2018-19 Daniel Pearl Memorial Lecture
This year's lecture features award-winning writer Bob Woodward, introduced by Los Angeles Mayor Eric Garcetti.
Thursday, April 4, 20195:30 PM
Korn Convocation Hall
UCLA Anderson School of Management
110 Westwood Plaza
Los Angeles, CA 90095
PODCAST
To listen to the podcast of the lecture, CLICK HERE.
ABOUT THE SPEAKER
BOB WOODWARD is an associate editor of The Washington Post, where he has worked since 1971. His work at the Post earned him two shared Pulitzer Prizes; one in 1973 for his coverage of the Watergate scandal with Carl Bernstein, and the other in 2003 for his work as the lead reporter for coverage of the 9/11 terrorist attacks.
Woodward has been a recipient of nearly every major American journalism award, including the Heywood Broun award (1972), the Worth Bingham Prize for Investigative Reporting (1972 and 1986), the Sigma Delta Chi Award (1973), the George Polk Award (1972), the William Allen White Medal (2000), and the Gerald R. Ford Prize for Reporting on the Presidency (2002).

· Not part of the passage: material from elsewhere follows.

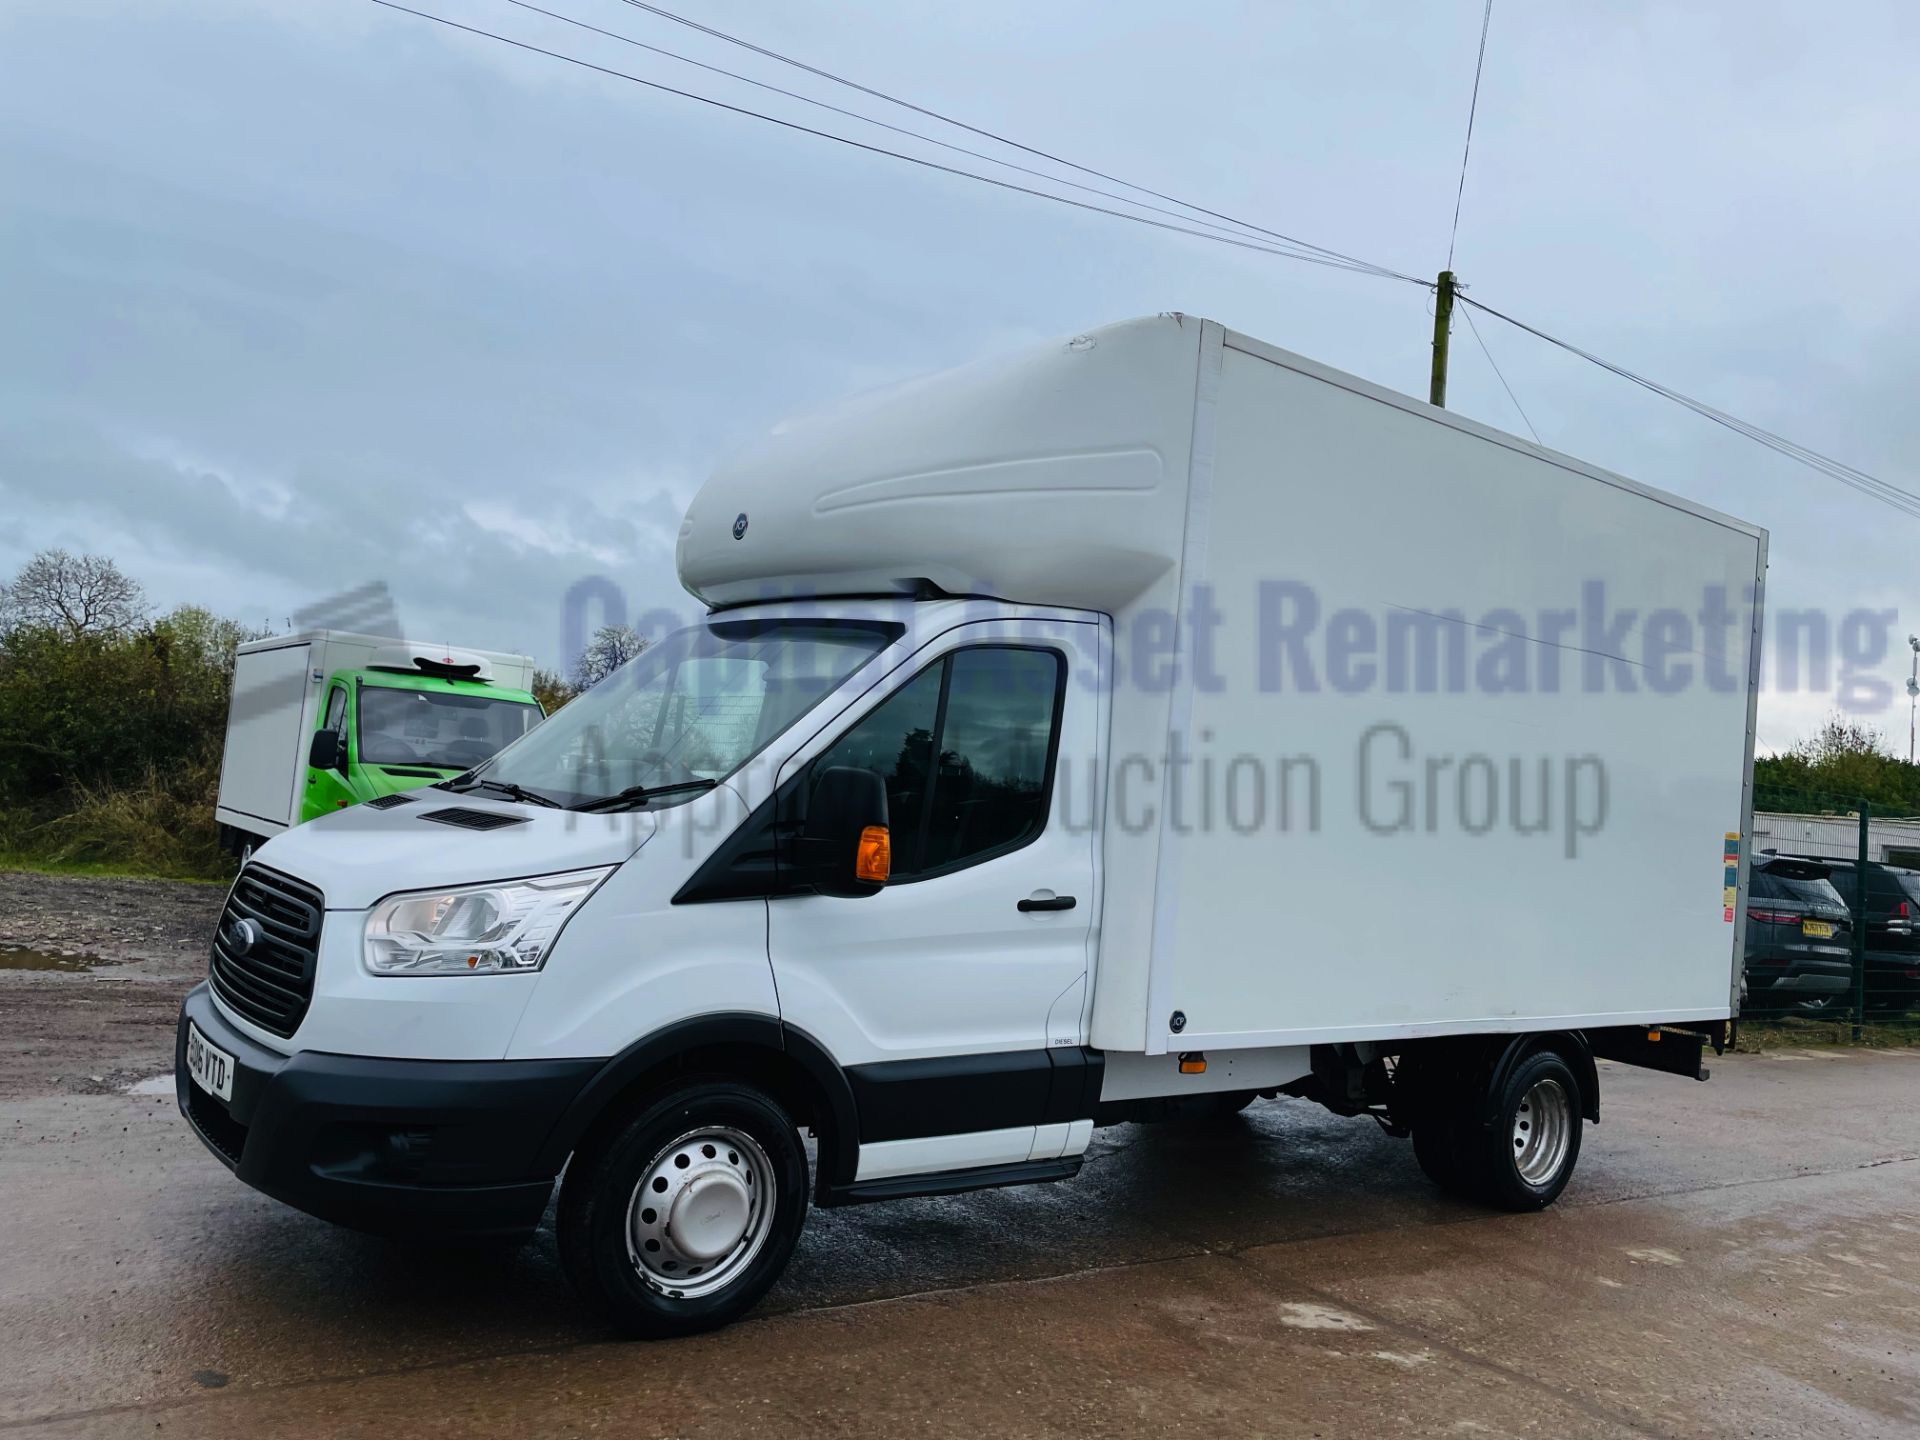 (On Sale) FORD TRANSIT 125 T350 *LWB - LUTON VAN* (2016) '2.2 TDCI - 6 SPEED' *TAIL-LIFT* (1 OWNER) - Image 7 of 45

In addition to his journalistic work, he has authored or coauthored 19 books, all of which have been national non-fiction bestsellers and thirteen of which have been #1 national bestsellers. He has published on nine of the most recent U.S. presidents, from Nixon, Ford, Carter, Reagan, George H.W. Bush, Clinton, George W. Bush, to Obama, and Trump. His book All the President's Men (1974) was named by TIME Magazine to its list of All-Time 100 Best Nonfiction Books, and his most recent book, Fear: Trump in the White House (2018), sold more than 1.1 million copies in its first week in the United States and broke the 94-year first-week sales record of its publisher Simon & Schuster.
Bob Schieffer of CBS News has said, “Woodward has established himself as the best reporter of our time. He may be the best reporter of all time.”
Robert Gates, former director of the CIA and Secretary of Defense, said in 2014 that he wished he’d recruited Woodward into the CIA, saying of Woodward, “He has an extraordinary ability to get otherwise responsible adults to spill [their] guts to him…his ability to get people to talk about stuff they shouldn’t be talking about is just extraordinary and may be unique.”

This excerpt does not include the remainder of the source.